9. The method of claim 8, wherein the phosphate-containing compound content is about 0.1 wt % to about 5 wt %, and the chloride-containing compound content is about 0.001 wt % to about 1 wt %.
10. The method of claim 1, wherein the exposing of the semiconductor layer disposed on an overlapping portion with the gate electrode includes forming a source electrode and a drain electrode facing each other with respect to the gate electrode.
11. A method for manufacturing a thin film transistor, comprising:
forming a gate electrode on a substrate;
forming a gate insulating layer, a semiconductor material layer, a barrier material layer, and a metal wire material layer on the gate electrode;
forming a photoresist pattern on the metal wire material layer;
performing a first step of etching, using a first etchant, through the metal wire material layer, the barrier material layer, and the semiconductor material layer to form a metal wire pattern portion, a barrier pattern portion, and a semiconductor layer covering the gate electrode and a peripheral area of the gate electrode, respectively;
performing a second step of etching, using a second etchant, through a portion of the metal wire material layer and the barrier material layer that overlaps the gate electrode,
wherein the first etchant and the second etchant have different compositions,
wherein the second etchant includes a chloride-containing compound,
wherein the photoresist pattern covers the metal wire pattern portion overlapping the gate electrode during the first step of etching, and
wherein the first etchant includes a fluorine-containing compound and omits a chloride-containing compound while the second etchant includes the chloride-containing compound and omits a fluorine-containing compound.
12. The method of claim 11, wherein the semiconductor layer is formed of an oxide semiconductor.
13. The method of claim 12, wherein:
the metal wire material layer includes a first metal layer and a second metal layer disposed on the first metal layer, and
wherein the first metal layer includes copper, and the second metal layer includes a copper manganese alloy.
14. The method of claim 11, wherein the semiconductor layer includes indium gallium zinc oxide (IGZO).
15. The method of claim 14, wherein the barrier material layer includes gallium zinc oxide (GZO).
16. The method of claim 11, wherein the first etchant includes ammonium persulfate (((NH4)2)S2O8), an azole-based compound, a water-soluble amine compound, a sulfonic acid-containing compound, a nitrate-containing compound, a fluorine-containing compound, and residual water.

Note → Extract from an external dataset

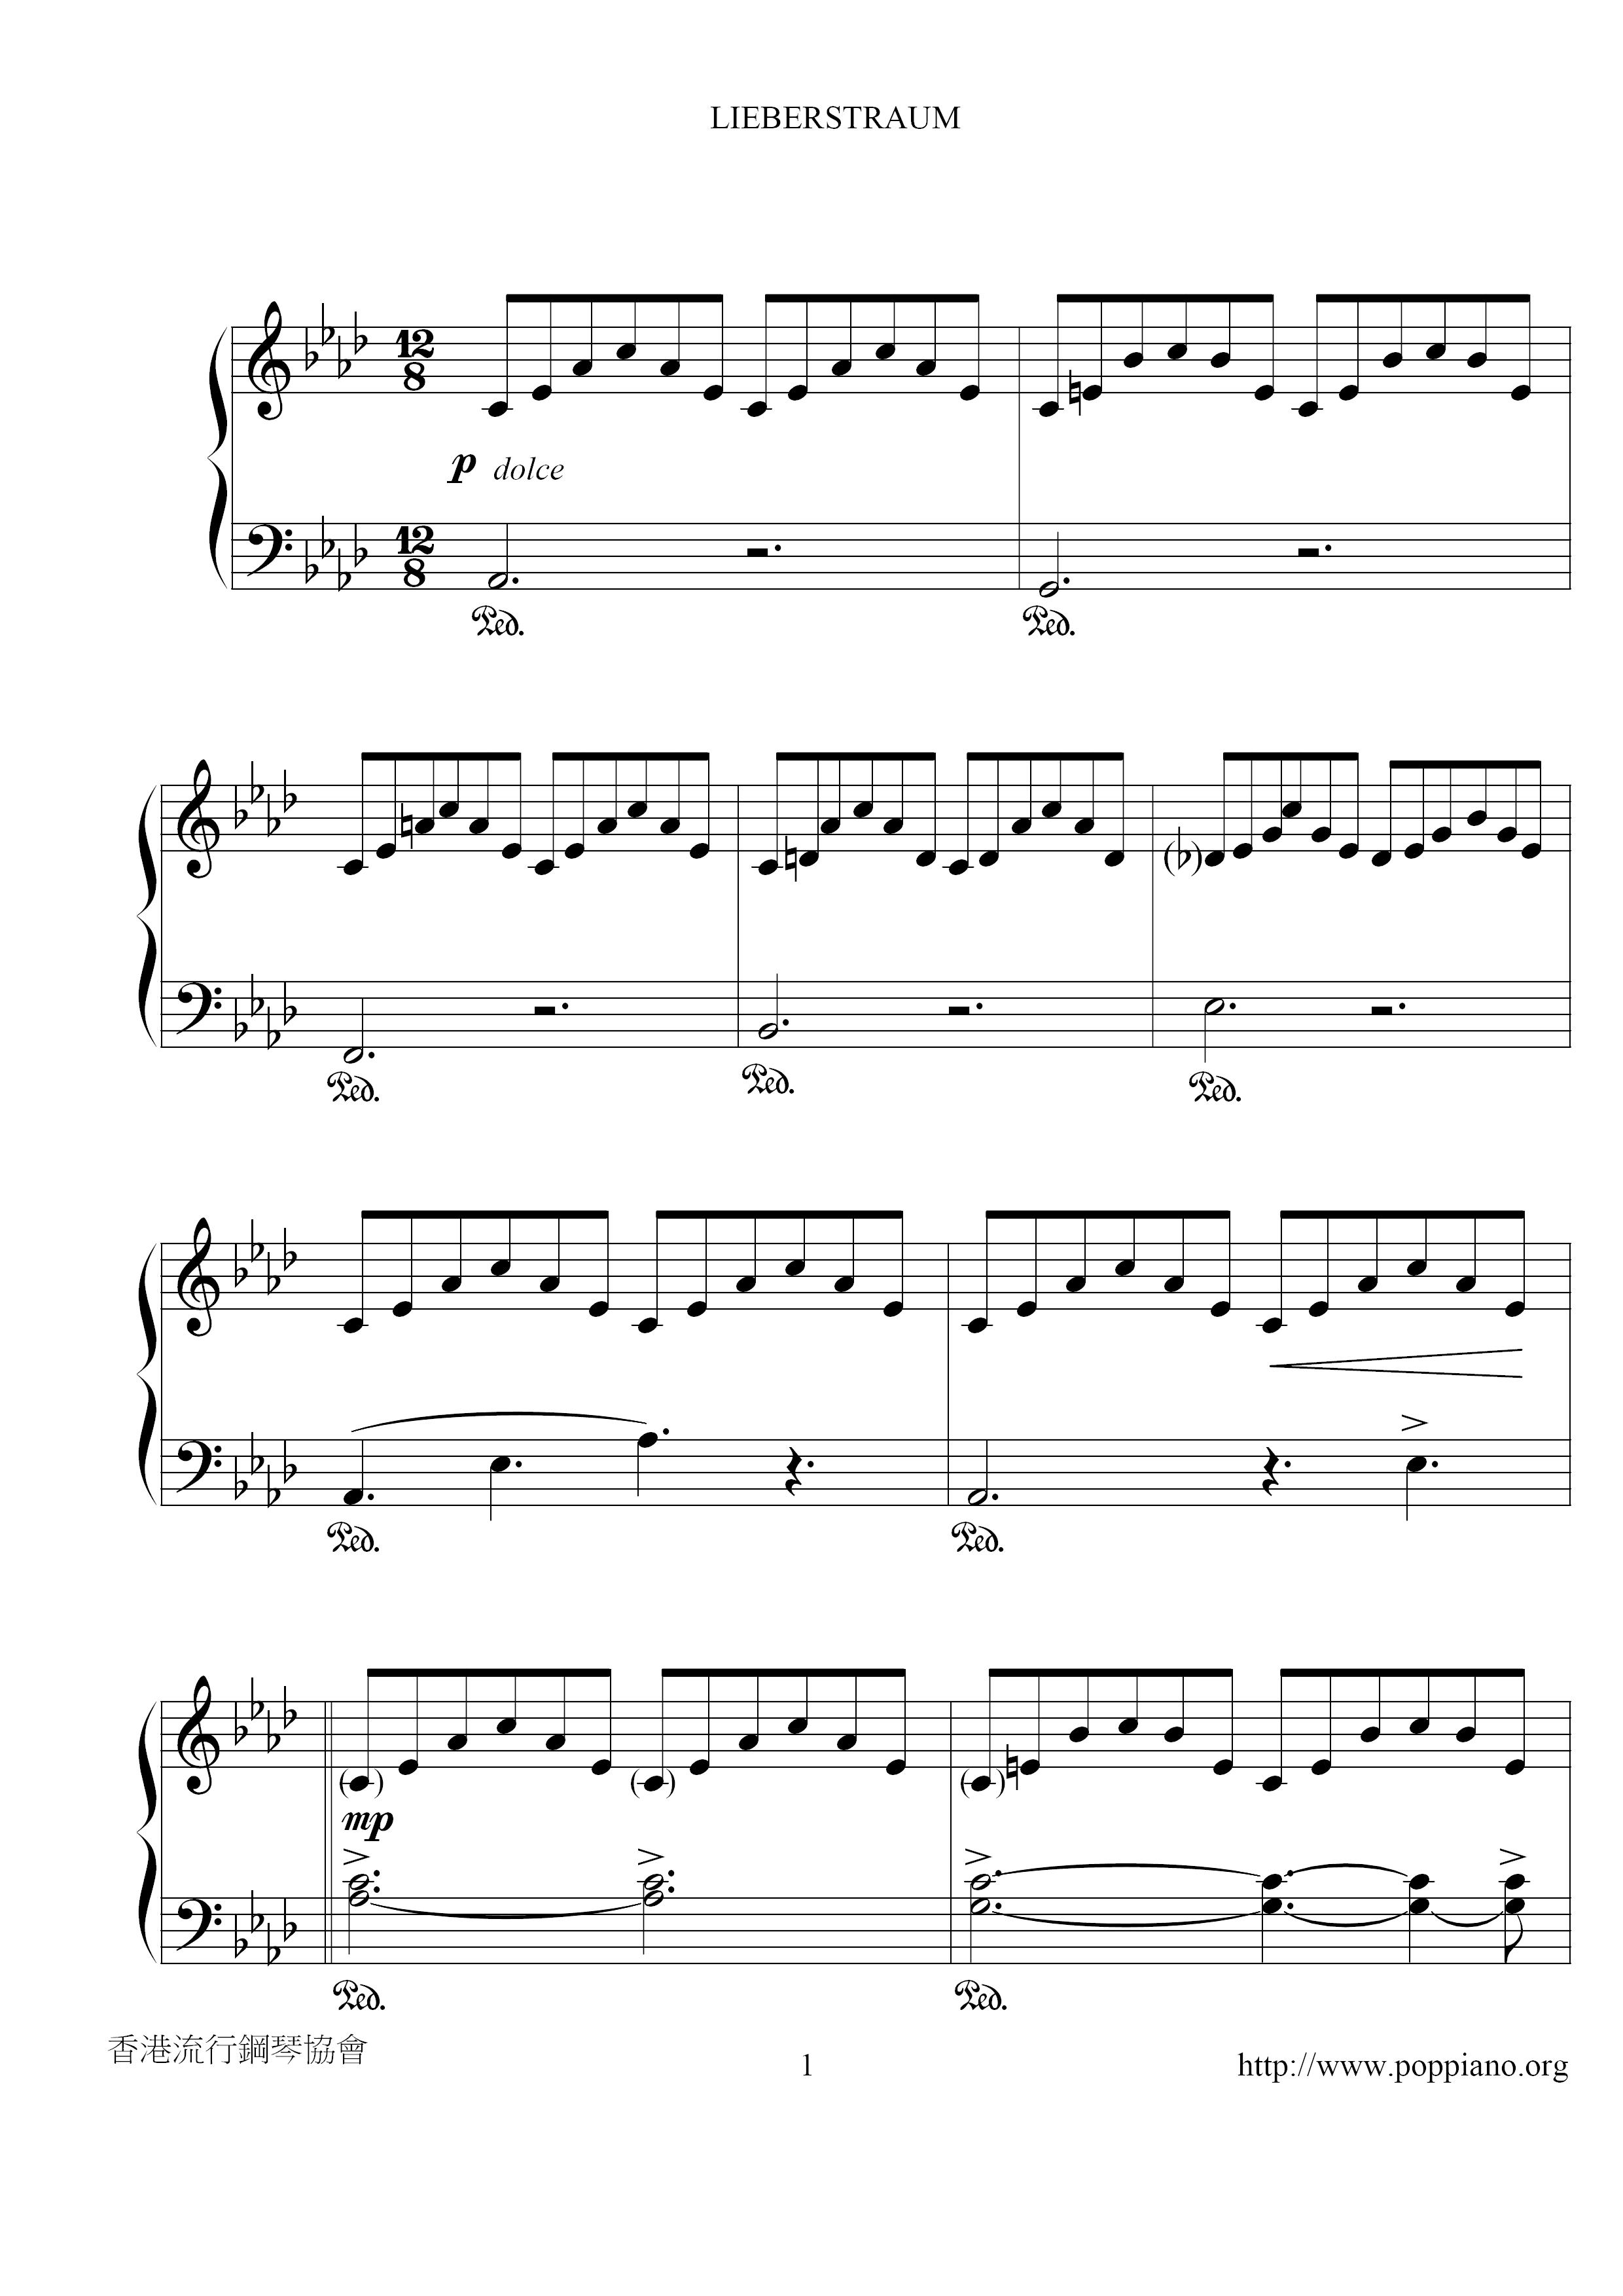 Liebestraum No. 3 in A-Flat Major, S. 541 / 3 Score

17. The method of claim 16, wherein the second etchant includes ammonium persulfate (((NH4)2)S2O8), an azole-based compound, a water-soluble amine compound, a sulfonic acid-containing compound, an assistance oxidizer, a nitrate-containing compound, a phosphate-containing compound, and residual water.

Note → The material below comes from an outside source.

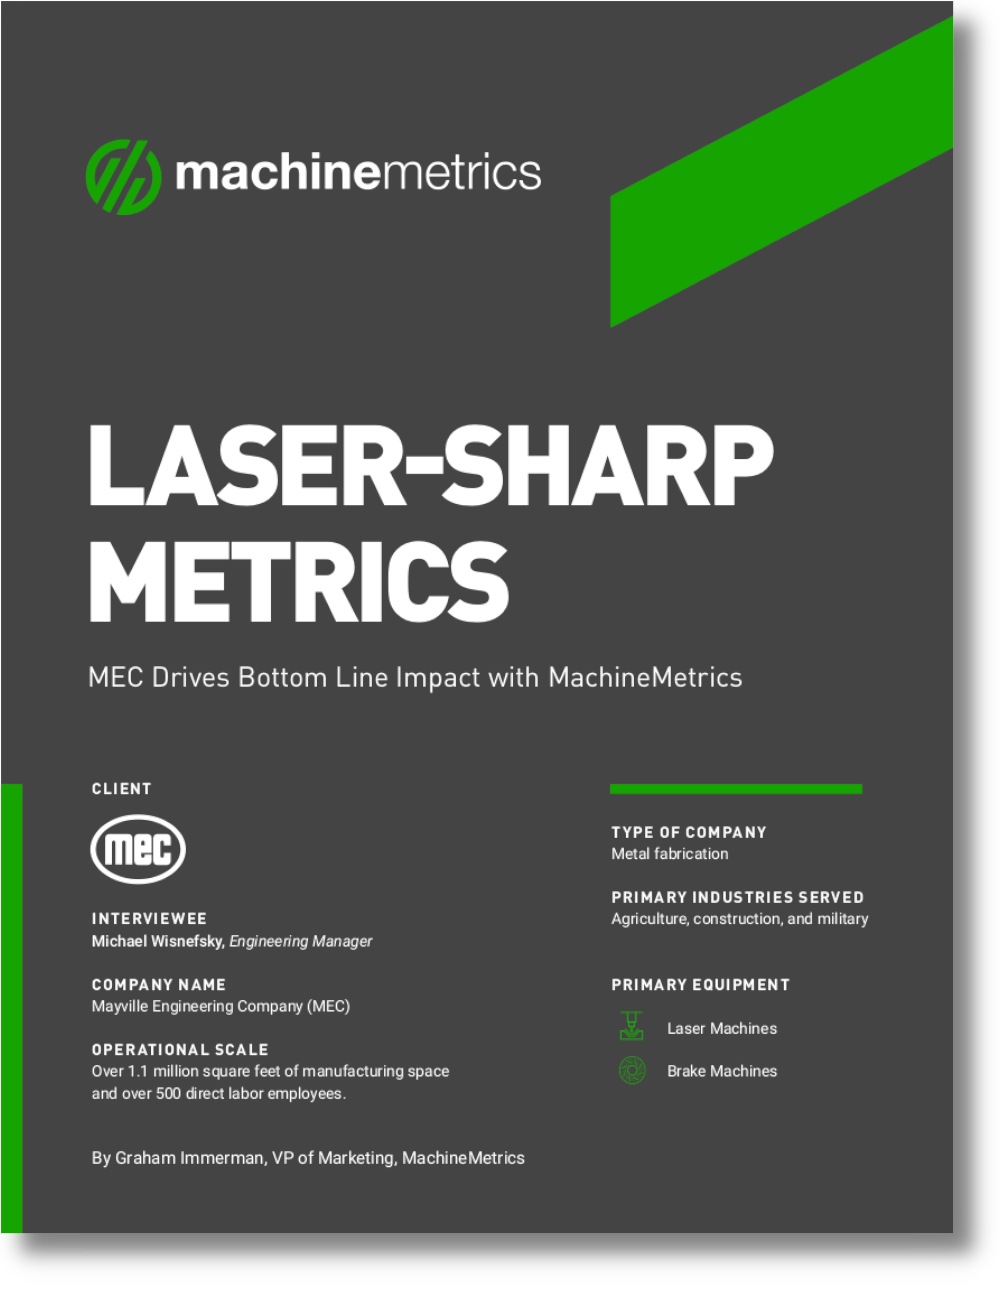 Laser-Sharp Metrics: MEC Drives Bottom Line Impact with MachineMetrics

18. The method of claim 17, wherein in the second etchant, the ammonium persulfate content is about 0.1 wt % to about 20 wt %, the azole-based compound content is about 0.01 wt % to about 2 wt %, the water-soluble amine compound content is about 0.1 wt % to about 5 wt %, the sulfonic acid-containing compound content is about 0.1 wt % to about 10 wt %, the assistance oxidizer content is about 0.1 wt % to about 2 wt %, and the nitrate-containing compound content is about 0.1 wt % to about 10 wt %.
19. The method of claim 18, wherein the phosphate-containing compound content is about 0.1 wt % to about 5 wt %, and the chloride-containing compound content is about 0.001 wt % to about 1 wt %.
20. The method of claim 11, wherein the exposing of the semiconductor layer disposed on an overlapping portion with the gate electrode includes forming a source electrode and a drain electrode facing each other with respect to the gate electrode.